Tips for Getting into the Real Estate Industry

Tips for Getting into the Real Estate Industry

Getting into real estate isn’t always a clear path. You could work as an agent, representing others; or participate as an investor, buying, rehabbing, and selling properties or holding on to them to generate rental income. These tips for getting into the real estate industry may help you focus on the role in the real estate business that’s best for you.

Know Why Real Estate Interests You

Approach get-rich-quick schemes with a healthy dose of skepticism. Success in the real estate business depends on treating it like any other business—not a hobby or a side gig—and it requires time and hard work. Before you start thinking about whether you’d rather represent others as a real estate agent or invest in properties to flip or rent, think about how you intend to spend your time in your real estate venture.

Even if your intention is to simply let your money participate, as in a REIT, real estate-related mutual fund, or crowdfunded investment, you still have to pay attention to market conditions and watch performance closely. You’ll have to deal with the tax implications of your purchases and sales along with your gains and losses in every transaction.

Take an Honest Inventory of Your Skills

Sit down and think about your skills. The real estate business requires marketing, financial, and organizational skills, as well as attention to detail, a commitment to continuous learning, assertiveness, and networking. Ability with numbers and relationships with banks, contractors, and tradespeople are all important, and integrity and honesty are essential. Decide whether you like to work for others or on your own, managing your money while property managers take care of the day-to-day operations of your rentals.

Take the Course and the Exam

You don’t have to have a license to invest in real estate, but you do if you intend to be a real estate agent.
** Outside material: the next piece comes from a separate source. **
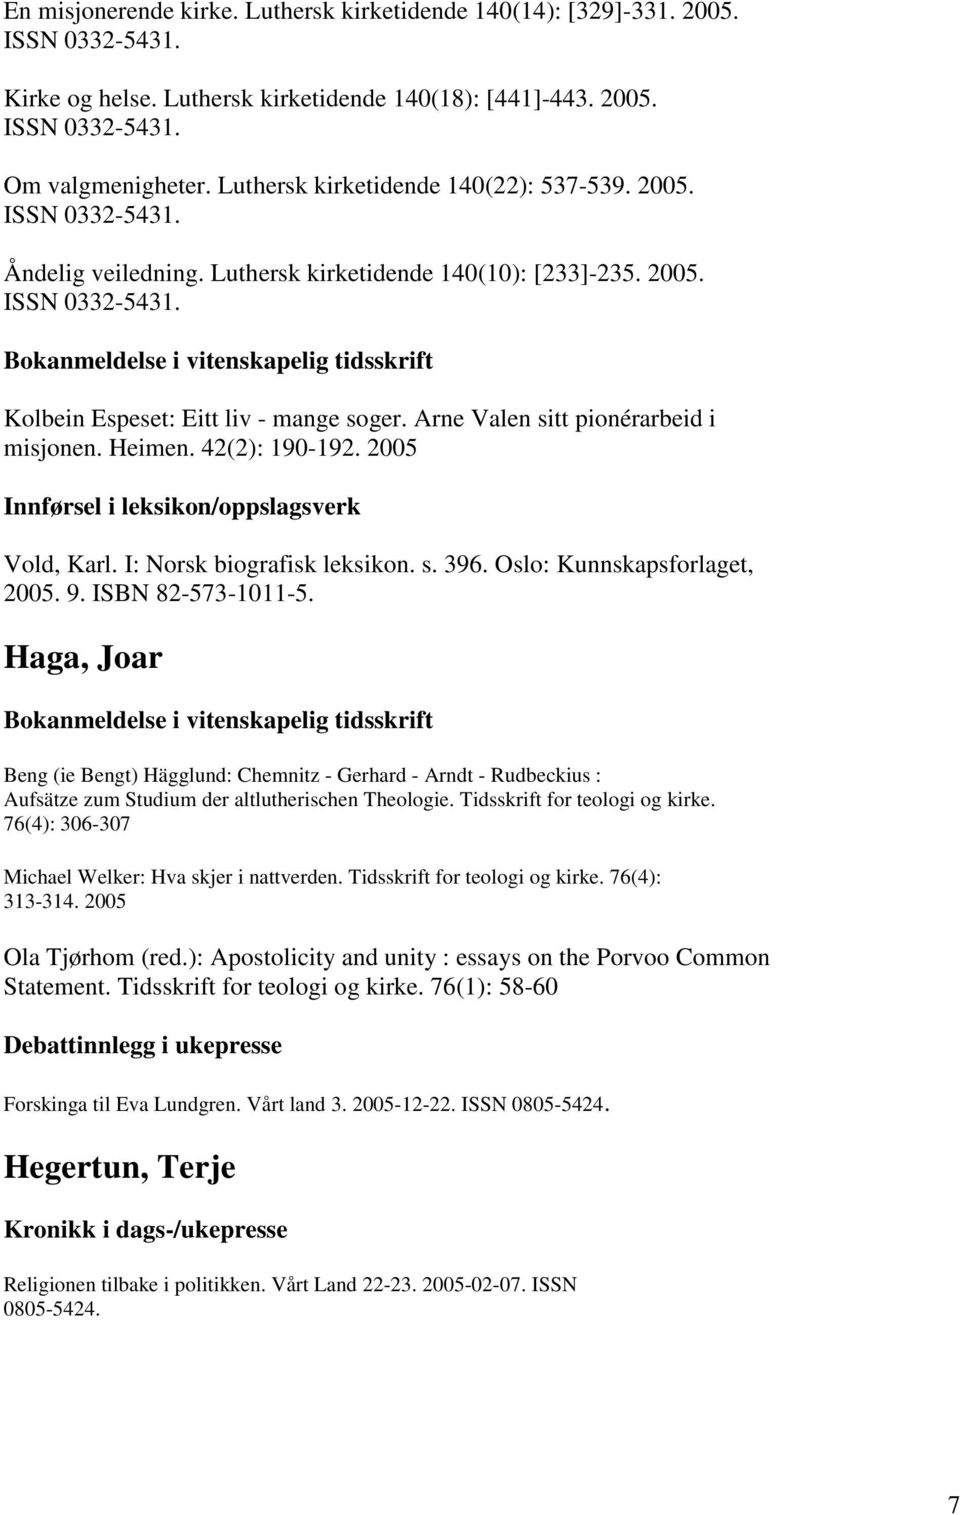 Arne Valen sitt pionérarbeid i misjonen. Heimen. 42(2): 190-192. 2005 Innførsel i leksikon/oppslagsverk Vold, Karl. I: Norsk biografisk leksikon. s. 396. Oslo: Kunnskapsforlaget, 2005. 9.

By taking the course and earning your license, you’ll get a good grounding in the principles of the business, an understanding of everything involved in buying and selling real property, and professional credibility. Agents adhere to high ethical standards and all legal requirements that apply to buying and selling property.

Agents must work under real estate brokers, who have earned a higher level of licensure, usually after a few years of work as an agent. The broker manages several agents, ensures their compliance with real estate laws and regulations, and takes a cut of their commissions.

BRRRR

Most places, this means, “Man, it’s cold outside!” In real estate, it means “buy, rehab, rent, refinance, repeat.” It describes a lifecycle for building a real estate investment portfolio of rental properties. First, buy a property, fix it up, rent it out, demonstrate that its value has increased, thereby increasing your equity in the property, and refinance. The rental income pays for the new mortgage and frees the investor to seek the next property to repeat the entire process.

Another tip for getting started in the real estate business is to avoid being taken in by common misconceptions about real estate investing. It’s possible to start small, even with no cash at all, and build a business one property at a time.

Whether you seek licensure as an agent or income from investments, do your homework, learn the market, and commit to staying current with market conditions and real estate laws, and you’ll be off to a good start in the real estate business.